Natural gas prices rose by 0.82% to settle at 306.3, driven by increasing flows to LNG export plants and forecasts for colder weather, which boosted heating demand expectations. The U.S. Commodity Futures Trading Commission reported that speculators cut their net long positions for the first time in nine weeks, signaling a shift in market sentiment. U.S. gas output in the Lower 48 states climbed to 106.2 bcfd in February, up from 102.7 bcfd in January, despite recent freeze-offs that temporarily affected production. However, daily output has declined by 1.2 bcfd over the past four days, reaching a one-week low of 105.5 bcfd. Meteorologists project colder-than-normal temperatures across the Lower 48 states through February 25, leading to an expected increase in gas demand from 132.9 bcfd this week to 138.9 bcfd next week. U.S. utilities withdrew 174 bcf of gas from storage in the week ending January 31, exceeding market expectations of 168 bcf. Storage levels now stand at 2,397 bcf, 8% lower than last year and 4.4% below the five-year average. The EIA projects record gas production of 104.5 bcfd in 2025, rising to 107.2 bcfd in 2026, while LNG exports are expected to reach 14.1 bcfd in 2025 and 16.2 bcfd in 2026. Technically, the market witnessed fresh buying as open interest rose by 2.92% to 15,718, while prices gained 2.5 rupees. Natural gas is finding support at 300.6, with a break below potentially testing 294.8 levels. On the upside, resistance is seen at 311.4, and a move above could push prices toward 316.4.
Trading Ideas:
# Naturalgas trading range for the day is 294.8-316.4.

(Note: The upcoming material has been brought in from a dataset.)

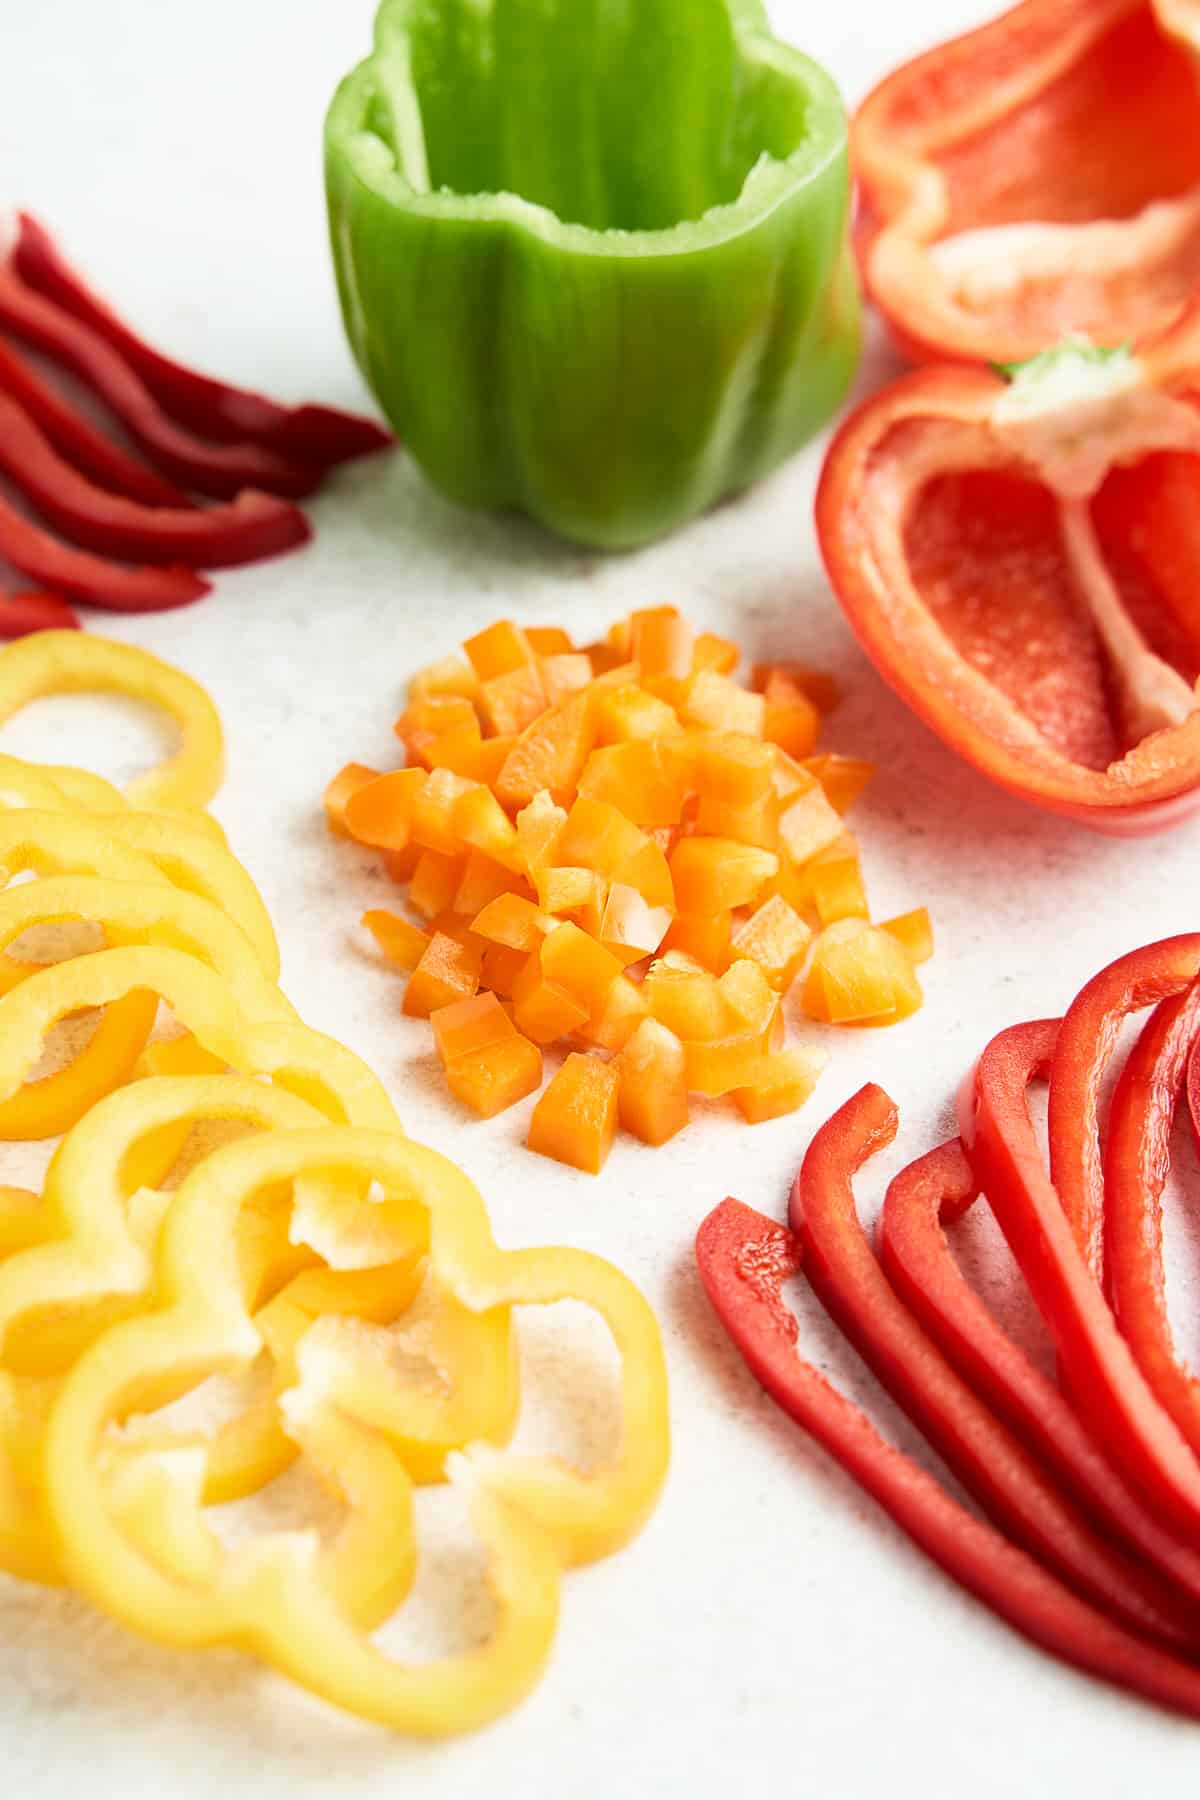 How to cut bell peppers.

# Natural gas climbed on rising flows to LNG export plants and a drop in daily output.
# US gas storage withdrawals close to record high in January
# US gas production on track for record high in February
Copper
Copper prices declined by 1.55% to settle at 853.9, pressured by the U.S. President’s decision to exclude copper from new import tariffs, increasing competition among domestic producers. However, prices remain 15% higher since the start of the year, supported by signs of improving demand. U.S. manufacturing activity expanded for the first time in over two years, raising concerns that the sector’s downturn may have ended. Meanwhile, expectations of strong fiscal stimulus from China have bolstered base metal demand outlooks. China also aims to increase domestic copper ore resources by 5-10% by 2027, signaling long-term investment in supply. The premium of U.S. Comex copper over LME copper surged to a record $920 per metric ton, reflecting tightening supply in the U.S. Chile’s Cochilco maintained its copper price forecast for 2025 and 2026 at $4.25 per pound, expecting prices to remain above $4.00 per pound over the next decade. It also projected a global copper deficit of 118,000 metric tons for 2024, shifting to a surplus of 210,000 metric tons in 2025. Chile’s copper production is expected to grow 4.6% this year to 5.76 million tons and another 3.6% in 2026. The global refined copper market recorded a 131,000 metric ton deficit in November, widening from 30,000 metric tons in October, driven by higher consumption. Technically, the market saw long liquidation as open interest fell by 4.96% to 5,976, while prices dropped by 13.45 rupees. Copper is finding support at 847.7, with a break below potentially testing 841.5 levels. On the upside, resistance is at 862.7, and a move above could push prices toward 871.5.
Trading Ideas:
# Copper trading range for the day is 841.5-871.5.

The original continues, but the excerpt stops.